Mieszkańcy przygranicznych Słubic skarżą się na wyrywkowe kontrole niemieckiej Straży Granicznej. Działalność straży sprawiła, że w mieście tworzą się gigantyczne korki, które tworzą się na przejściu granicznym, zaczynają się już w mieście i przeszkadzają w poruszaniu się po ulicach. Duży kłopot mają też mieszkańcy, który podróżują codziennie przez granicę, jadąc do pracy lub szkoły. W korku potrafią oni spędzać kilka godzin dziennie.
- To prawdziwy armageddon i stan przedzawałowy – skomentował w wypowiedzi dla RMF FM zastępca burmistrza Słubic Tomasz Stefański. W swojej wypowiedzi podkreślił też, że codziennie przez most na Odrze przejeżdża nawet 25 tys. pojazdów.
– Mieszkańcy, którzy na co dzień przekraczają granicę – a jest wielu takich, którzy robią to wielokrotnie, odwożąc dzieci do szkoły przedszkola czy jadąc do pracy – muszą się ustawić w długiej kolejce. To jest na pewno uciążliwe. To też duża uciążliwość dla przedsiębiorców. Lokalnie ma to wpływ na wymianę towarową, handel przygraniczny – mówi Stefański.

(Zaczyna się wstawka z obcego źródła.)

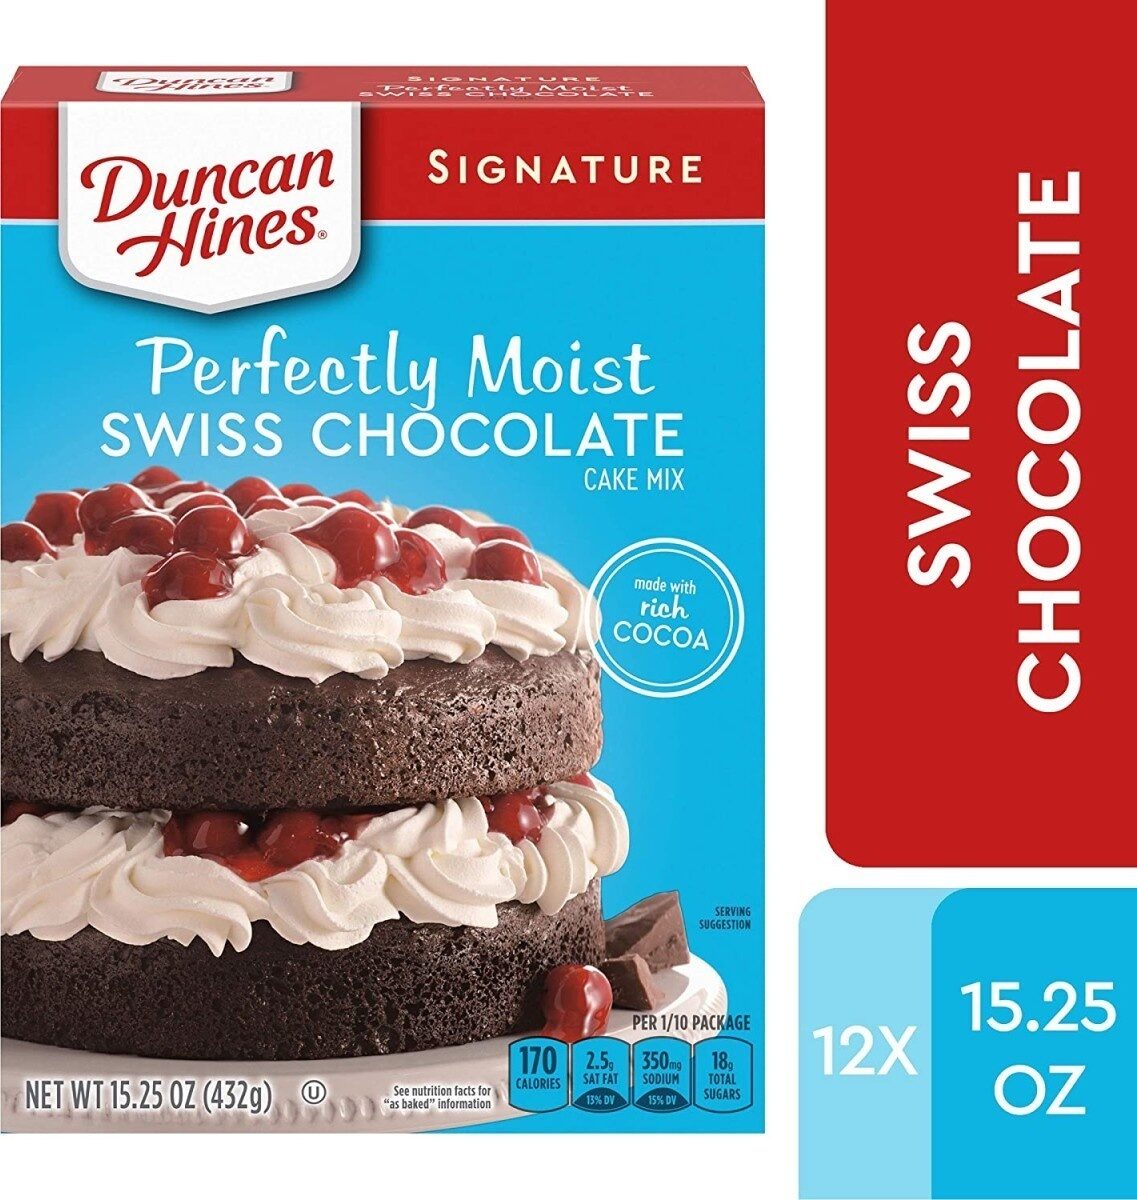 Signature perfectly moist swiss chocolate cake mix - Product - es

Nowa organizacja ruchu w Słubicach
Lokalny samorząd chcąc usprawnić komunikację na terenie miasta, zdecydował się na wprowadzenie nowej organizacji ruchu.
– W każdy weekend i poniedziałek Słubice były zupełnie nieprzejezdne. To był istny Armagedon. Wcześniej wszystkie drogi do granicy były zablokowane, ten ruch uniemożliwiał mieszkańcom dostanie się do domu, do szpitala, poruszanie się po mieście samochodem – poinformował Tomasz Stefański. – Znaleźliśmy tymczasowe rozwiązanie, zmianę organizacji ruchu. Przekierowaliśmy cały tranzyt, kanalizując go na głównej drodze krajowej, czyli jedynej prowadzącej teraz do przejścia granicznego. Pozostałe dwie drogi dojazdowe są z tego ruchu wyłączone. Udało się udrożnić północną część miasta i samo centrum, jest więc pod tym względem lżej.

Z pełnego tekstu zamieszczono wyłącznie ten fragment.